Explores: Pre-Built Joins for Self-Service Analytics

An Explore is the interface end users interact with to build queries. It is essentially a pre-configured SQL join made available through Looker’s UI. When you open Looker and click “Explore”, you are selecting an Explore defined in LookML.

The critical insight: joins are defined once in the Explore, not in each dashboard. Every user who opens that Explore gets the same join logic. When you update a join, every saved report using that Explore immediately reflects the change.

Join Types and Relationship Declarations

LookML join declarations include a relationship parameter that is critical for correctness. Declaring this wrong leads to measure fan-out — a class of silent data corruption where aggregated measures return inflated values because rows are being duplicated before aggregation.

explore: ga4_sessions {
  label: "GA4 Sessions + Order Reconciliation"

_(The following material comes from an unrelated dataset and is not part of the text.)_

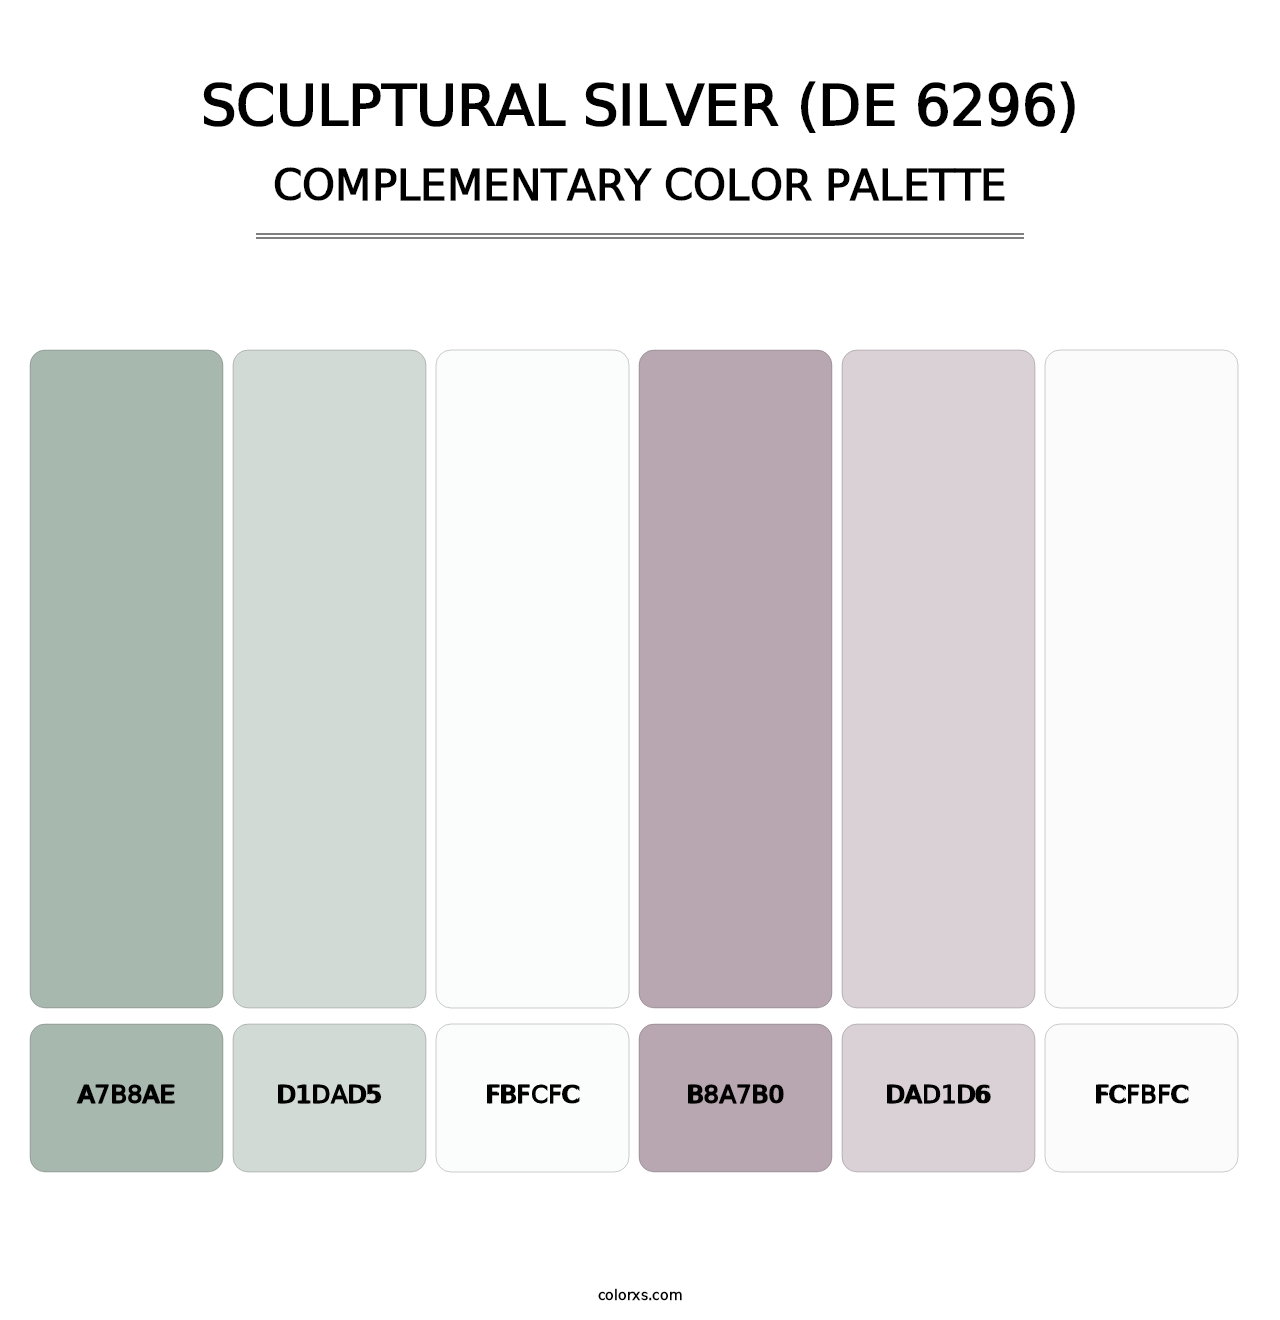 Sculptural Silver (DE 6296) - Complementary Color Palette
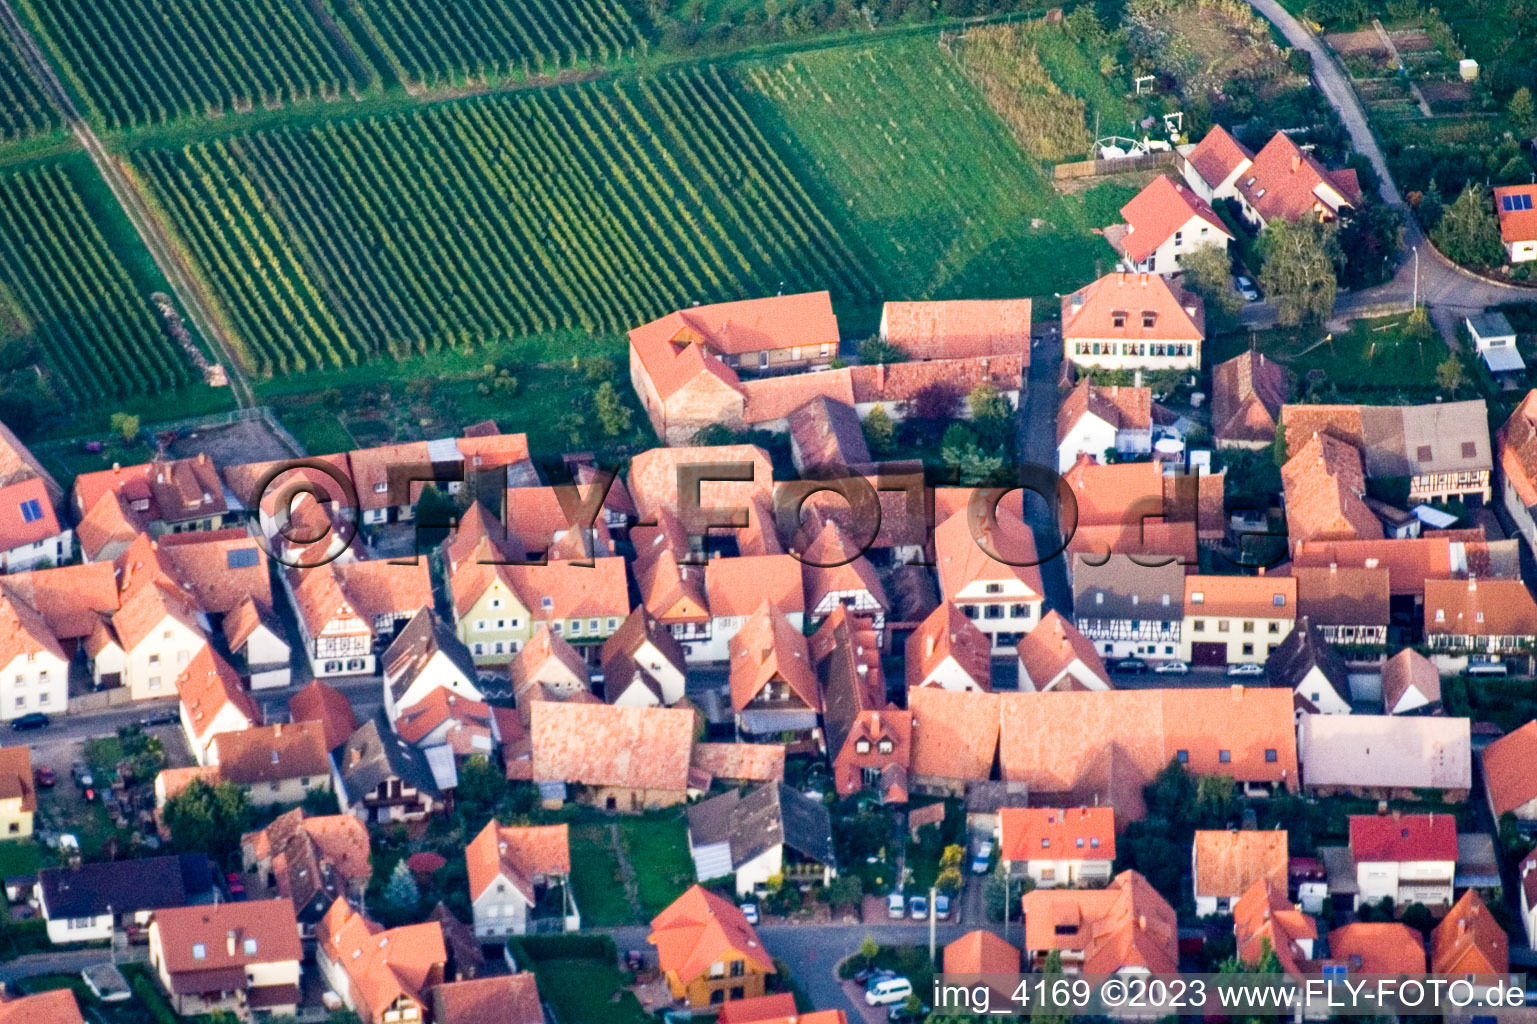 Drone recording of District Schweigen in Schweigen-Rechtenbach in the state Rhineland-Palatinate, Germany

  # one_to_one: each GA4 session matches at most one SFCC order
  join: sfcc_orders {
    type: left_outer
    sql_on: LOWER(TRIM(${ga4_sessions.transaction_id}))
             = LOWER(TRIM(${sfcc_orders.order_id})) ;;
    relationship: one_to_one
    # Looker will use symmetric aggregates to prevent fan-out
  }

  # many_to_one: multiple line items per order
  join: order_line_items {
    type: left_outer
    sql_on: ${sfcc_orders.order_id} = ${order_line_items.order_id} ;;
    relationship: one_to_many
    # Without symmetric aggregates this would inflate sfcc_orders measures
  }

  # Limit which fields are exposed from joined views
  join: offline_orders {
    type: left_outer
    sql_on: ${sfcc_orders.order_id} = ${offline_orders.sfcc_reference} ;;
    relationship: one_to_one
    fields: [offline_orders.channel, offline_orders.store_code, offline_orders.sales_rep]
  }
}

Symmetric Aggregates: How Looker Prevents Fan-Out

Fan-out is a classic SQL problem: when you join a one-to-many relationship and then apply SUM to the “one” side, each row gets duplicated for every matching row on the “many” side, inflating the sum. Most BI tools require you to handle this manually with subqueries or CTEs.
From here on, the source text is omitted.